I realized something in Sunday School yesterday that I'm not happy about. The word "justice" -- especially the phrase "social justice" -- when it is used by fellow Christians sets alarms off in my brain.
I'm not happy at that discovery. It shouldn't be so. And yet it is.
"Justice" is one of the attributes of God. God is just; even more, God IS justice. Our only conception of the idea of justice comes from God's interaction with us through the law. It's not like it's a cuss word or anything.
But it has seemed to become a buzzword for a certain segment of the Christian world, a segment that I have unfortunately often disagreed with on a variety of issues, issues that those brothers and sisters promoted in the name of "social justice." I sat yesterday and tried to pinpoint for myself again what all it was I disagreed with them on . . . and I had a hard time doing so. The biggest differences were political, I think. My social-justice-loving Christian friends seem to also want to use the government as a means to achieve this social justice, which I often question the wisdom of.
It was when Obamacare was being debated that I found myself mentally setting apart a camp of people (Christian and nonChristian) who seemed to be all about "social justice" and seemed to be getting it all wrong.
It went like this: As much as I am concerned about making good health care available to all who need it, I was very reluctant about Obamacare (and still am). Admittedly, the people on "my side" of the argument had not approached the problem which much sense of urgency, to their shame. But Obamacare didn't seem to be the answer. I saw too many problems with the proposed system. It just didn't seem to be the best way to do this; it seemed to be an emotional, rushed reaction to the problem.
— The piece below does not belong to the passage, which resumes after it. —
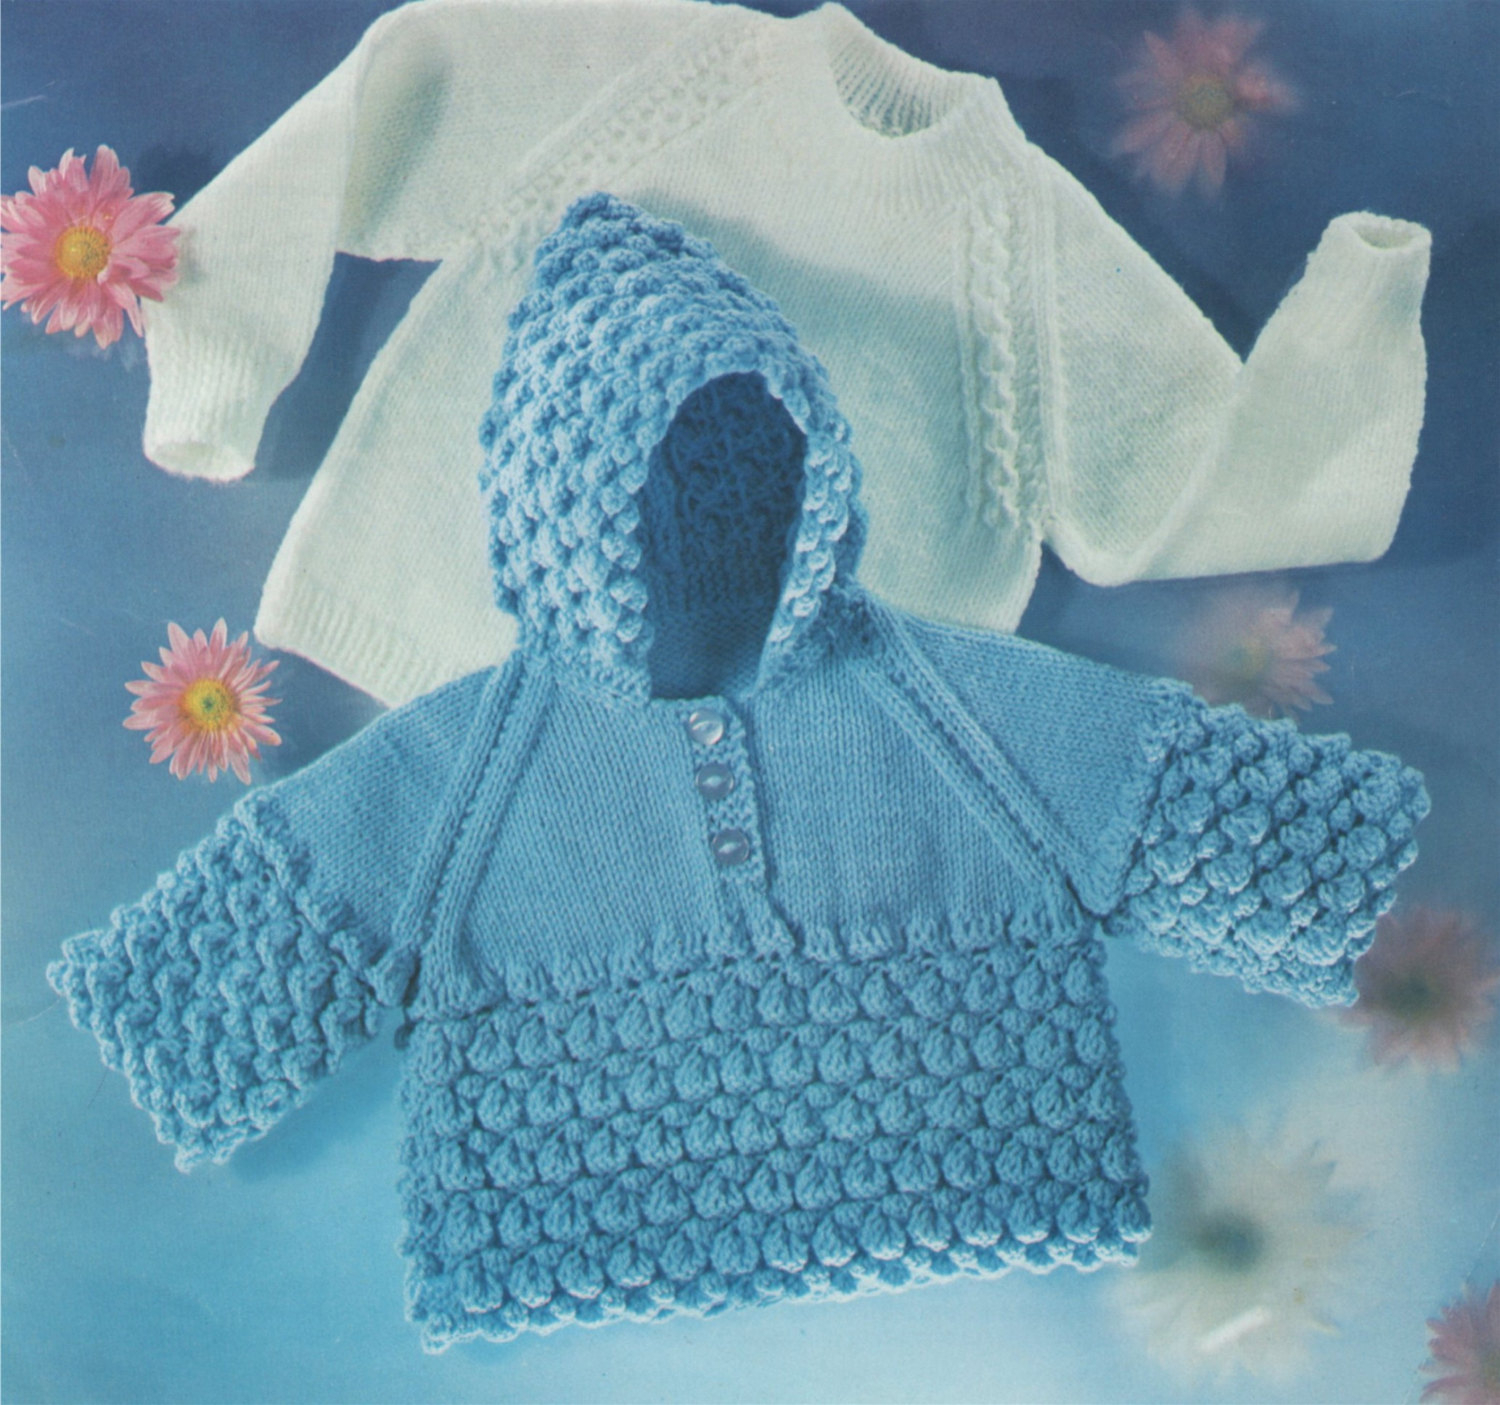 Hooded Jumper Knitting Pattern Babies Jumper And Hooded Sweater Knitting Pattern Pdf Boys Or Girls Hoodie Sweater 19 20 Inches White Jumper 18 20 And 22 Inch Chest

But the real stunner was the reaction I got from social-justice-touting friends when I expressed my concerns. Rarely were those concerns addressed in a reasonable manner. I was called selfish. Completely uncompassionate. Unchristian. Clearly unchristian. I was told I obviously hated poor people. Obviously. I was called a spoiled rich girl who had never had to suffer in my life and so my opinion had no validity in this debate.
Yes. Those very things were said to me. Often implied, but sometimes directly and bluntly. And it hurt me and angered me.
And so, my social-justice-promoting Christian friends got put in a mental box in my mind: they are WRONG. They are wrong about me, they are wrong about Obamacare, they are wrong, wrong, wrong about so many, many things. It was an emotional reaction, and it kept me from seeing what they were right about.
Which, I imagine, is exactly what they did to me, too.
I still get alarms up when my Christian friends start talking "justice" too much . . . partly because I think in the fight for justice, they often forget the need for "justification" (as we eventually got to in our Sunday School lesson). And I acknowledge that in my corner, the pendulum often swings too far in one direction, too. But I was reminded yesterday of how past wounds and personal feelings can color our "theology" and make us haughty. And wrong.
God gave us emotions, and they motivate us to act, which is good. But even our emotions are fallen and cannot be trusted alone. The heart is deceitful above all things, Jeremiah tells us. We would all do well to remember that. I'm trying to, at least.